A rainbow of colors – Imaging many colors in light sheet microscopy

With our new hyperspectral light sheet microscope we acquire the full emission spectrum in each pixel with nanometer resolution. Having the spectral information in hand, we resolved the signal of strongly overlapping dyes and fluorescent proteins and eliminated the autofluorescence signal in living zebrafish and drosophila embryos.

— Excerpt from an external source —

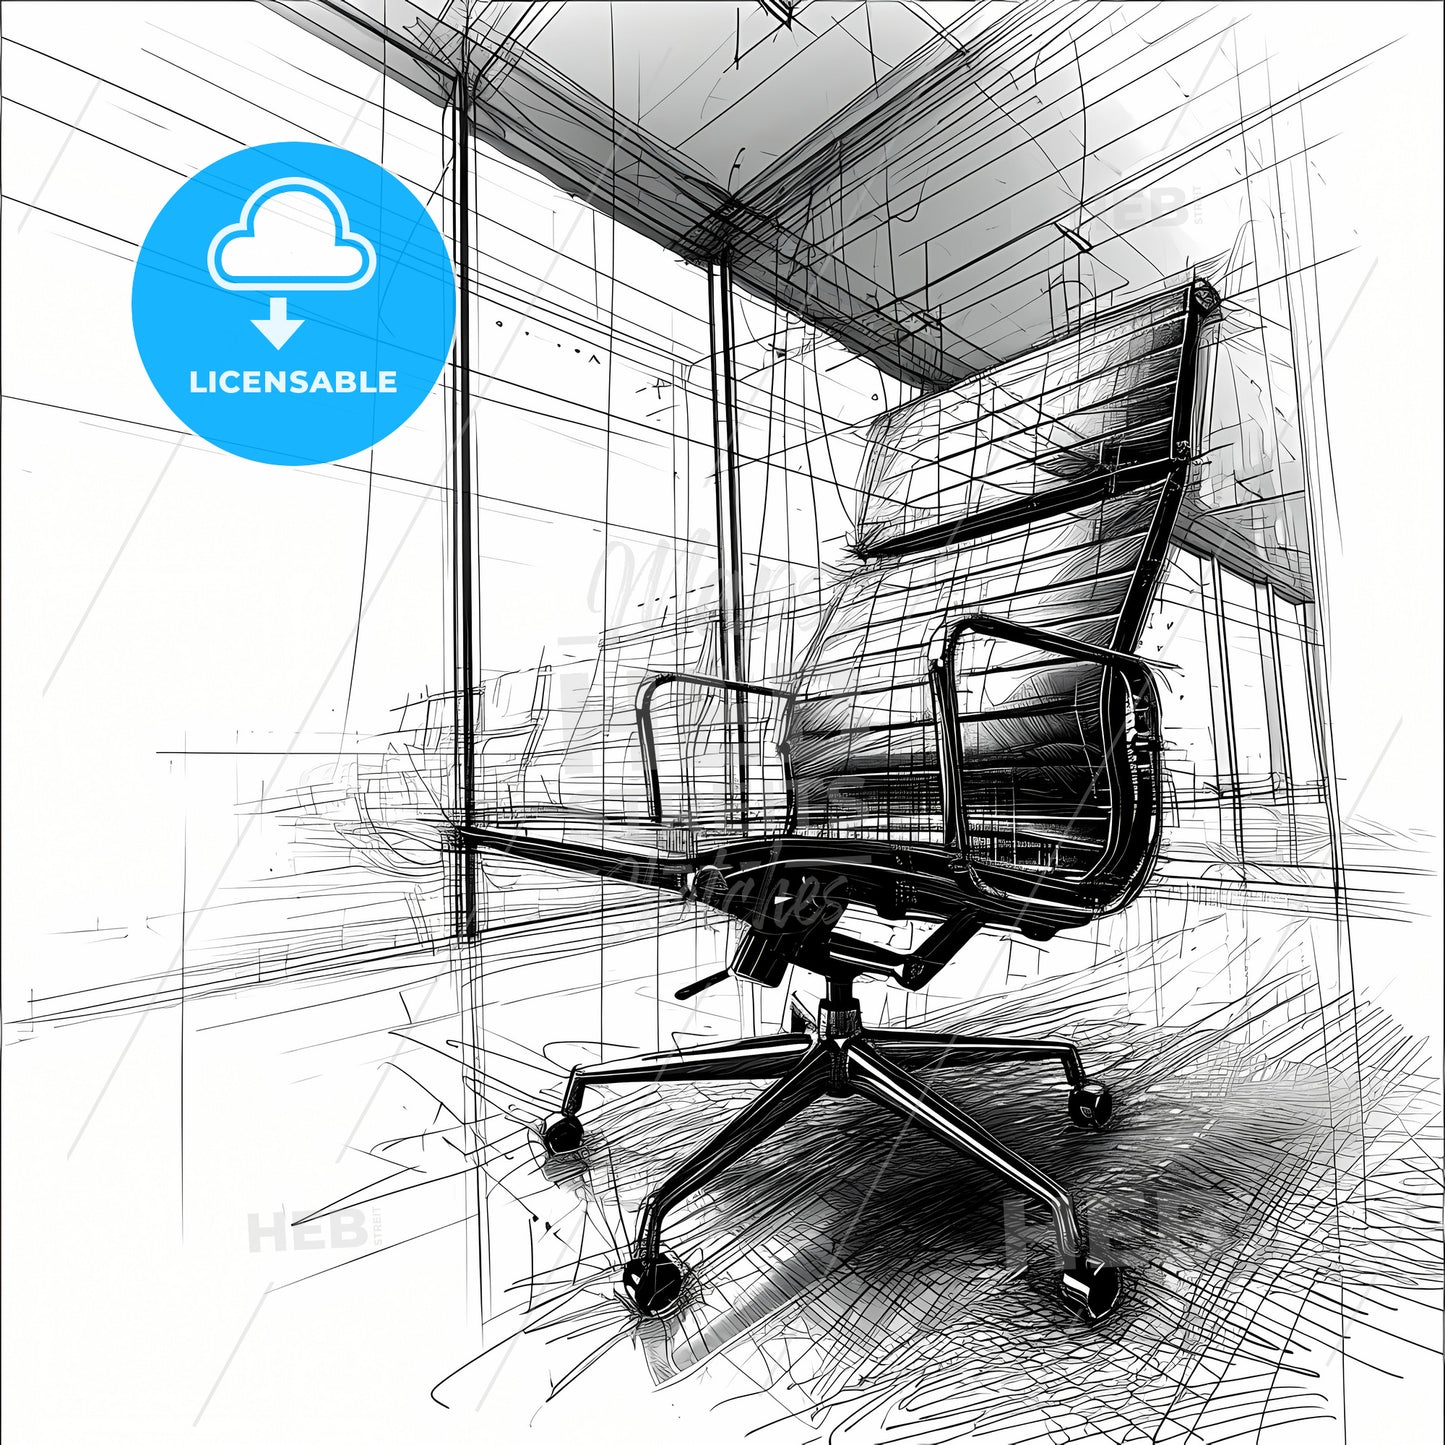 Pencil Hand-Drawn Sketch Of An Office Chair, A Chair In A Room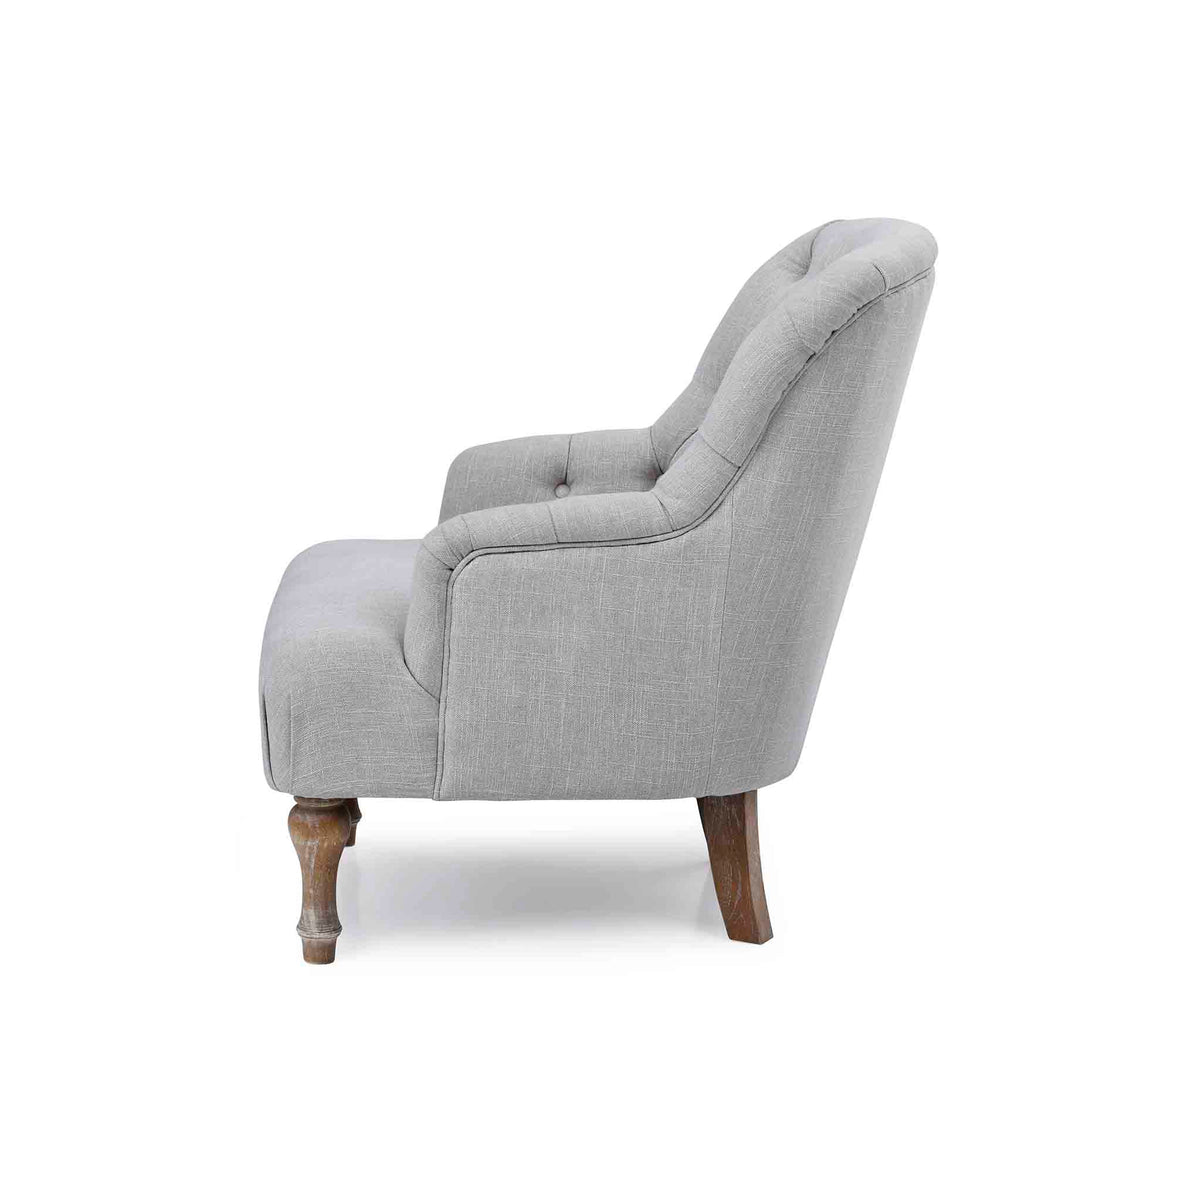 side view of the Grey Linen Fabric Bianca Armchair

HFSP Career Development Award holder Jan Huisken and colleagues
authored on Mon, 21 December 2015

To understand the development of living organisms, one would ideally like to label all tissues in a single sample with differently colored markers and image their movements simultaneously. Until now, filter-based fluorescence microscopy was limited by the spectral overlap of these fluorophores and it was impossible to distinguish more than three or four colors within the visible spectrum. Therefore, we wanted to combine the power of spectral fluorophore detection with state-of-the-art light sheet microscopy.

 

Figure: Principle and benefits of hyperspectral light sheet microscopy. (a) For each line in the sample a full spectrum is recorded (yellow). The resulting x-lambda-images are then assembled into the well-known image representation. In this case only the sum is shown in the x-y-image. (b) In a zebrafish labeled with five colors the individual spectra can be recovered by spectral unmixing. Arrowheads indicate the wavelengths of the excitation lasers, which were suppressed in the spectrum by a notch filter. (c) Color representation of the zebrafish (area in the sketch is enlarged, scale bar 100µm).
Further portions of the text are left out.